Eliza Emily Chappell (1807-1888), an American educator, was the first Chicago teacher, at Fort Dearborn, paid by public funds in 1833.
The Eliza Chappell School was roughly at Lake and Clark Streets are today.
Chappell was born November 5, 1807, in Geneseo, New York. She was only sixteen when she began her teaching career and over the course of her life helped establish schools in almost every region of the United States. 

She opened a school for small children in Rochester, New York in 1828. In 1831, she traveled to Michigan and began tutoring at a frontier settlement on Mackinac Island. After a few months, she opened a school for mixed-raced Indian children.

Eliza Emily Chappell
Chappell arrived in Chicago in June 1833 with the prospects of opening a school by September. The school was established in a small log house formerly used as a store. There were 25 students; they furnished their own chairs, "but those who were unable to do so had primitive seats supplied them." There were no desks. Some students paddled their canoes across the Chicago River to and from the school. The only teaching tools Chappell had were "maps, a globe, scriptural texts and hymn books, and illustrations of geometry and astronomy."

In 1834, the school was moved into the First Presbyterian Church in Fort Dearborn, on the southwest corner of Lake and Clark Streets. The school was rented from the church for nine dollars a month.

That year, Chappell established a normal school for future teachers, located on the future site of LaSalle Street, for 12 girls who lived on the prairie.

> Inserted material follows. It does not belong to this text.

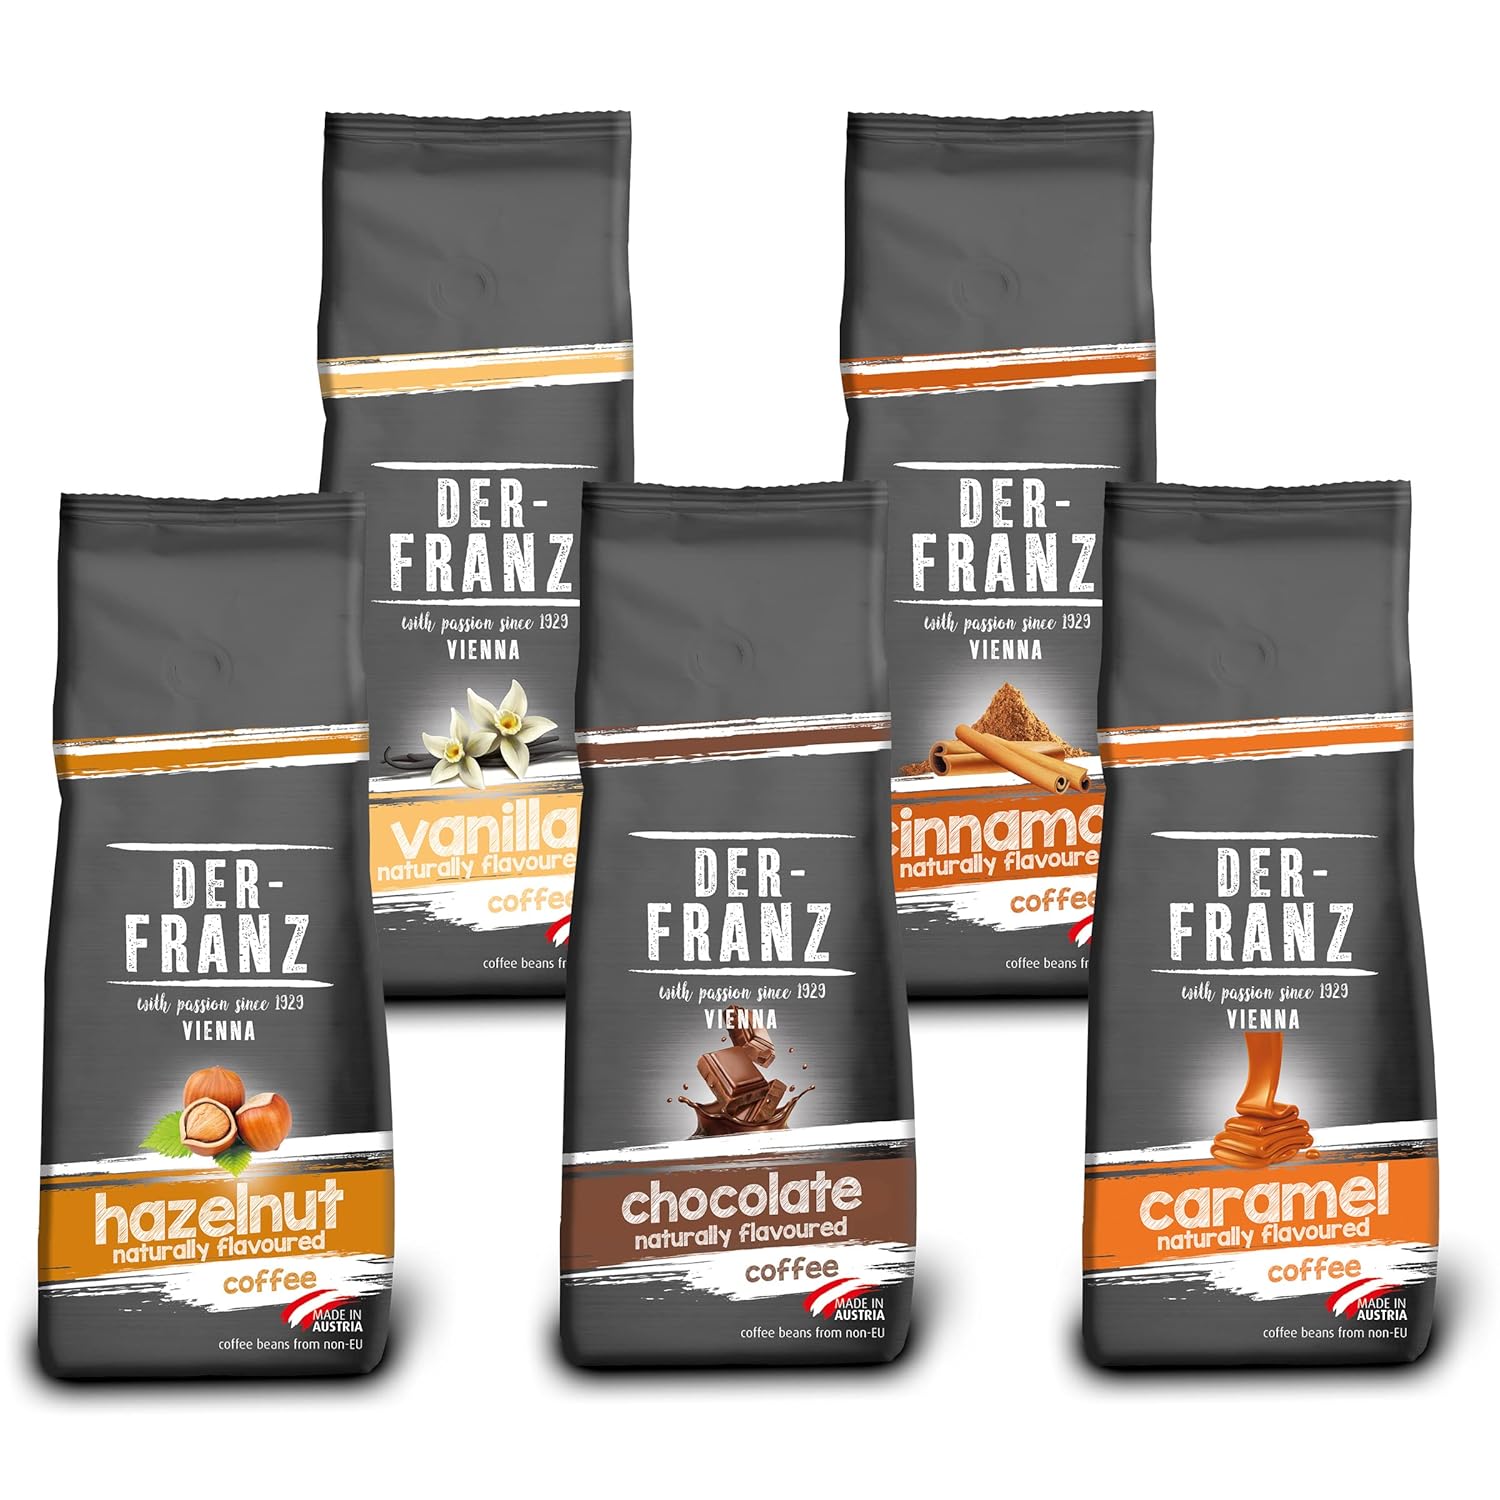 Der-Franz Coffee Pack, Whole Bean, Flavored, 5 x 500 g (1 x Hazelnut, 1 x Vanilla, 1 x Chocolate, 1 x Cinnamon, 1 x Caramel)
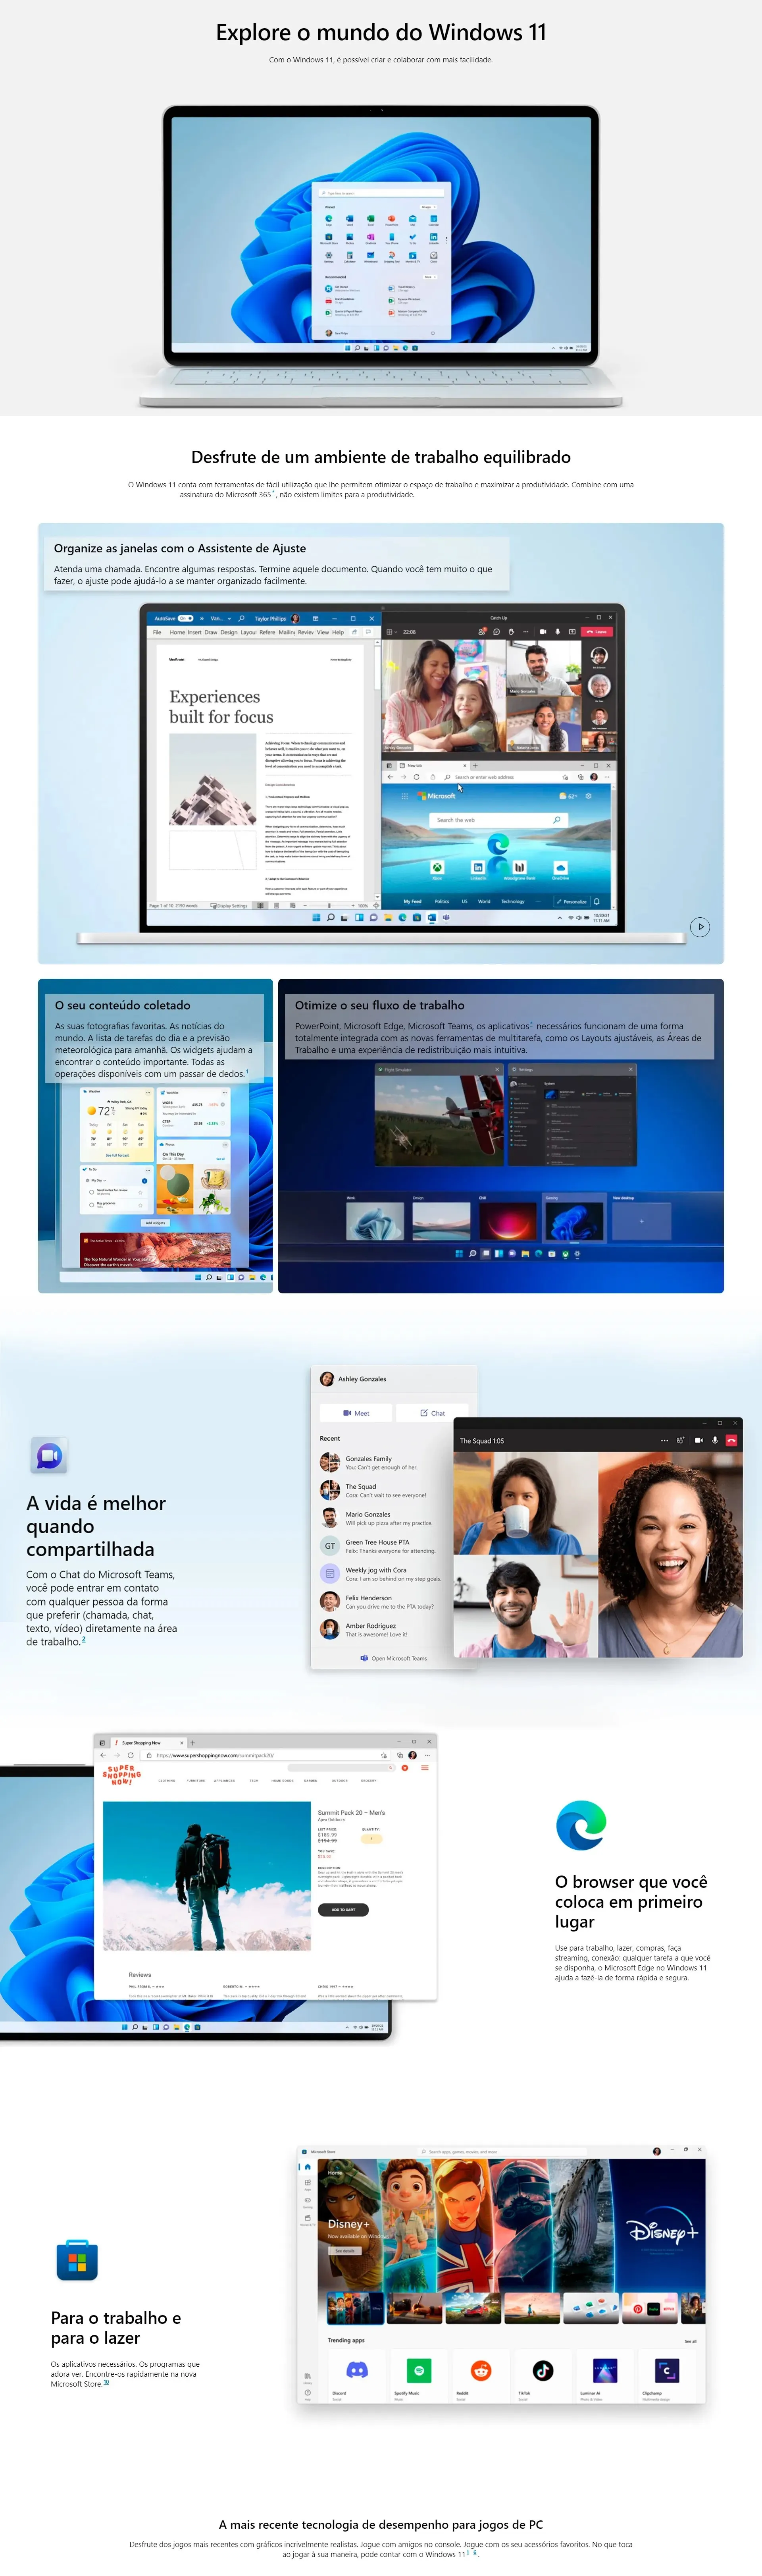 Microsoft Windows 11 Pro 64-bit ESD - Digital para Download, FQC-10572

Chappell married Rev. Jeremiah Porter, the youngest child of Dr. William Porter and Charlotte Porter, on June 15, 1835. Porter and Jeremiah first met on Mackinac Island during discussions about establishing a school.

After the Porters were married, they left Chicago for Farmington, Illinois. They moved to Peoria, Illinois, before settling in Green Bay, Wisconsin, on January 4, 1851; they remained there until 1858. The Porters returned to Chicago when Jeremiah became pastor of Edwards Congregational Church.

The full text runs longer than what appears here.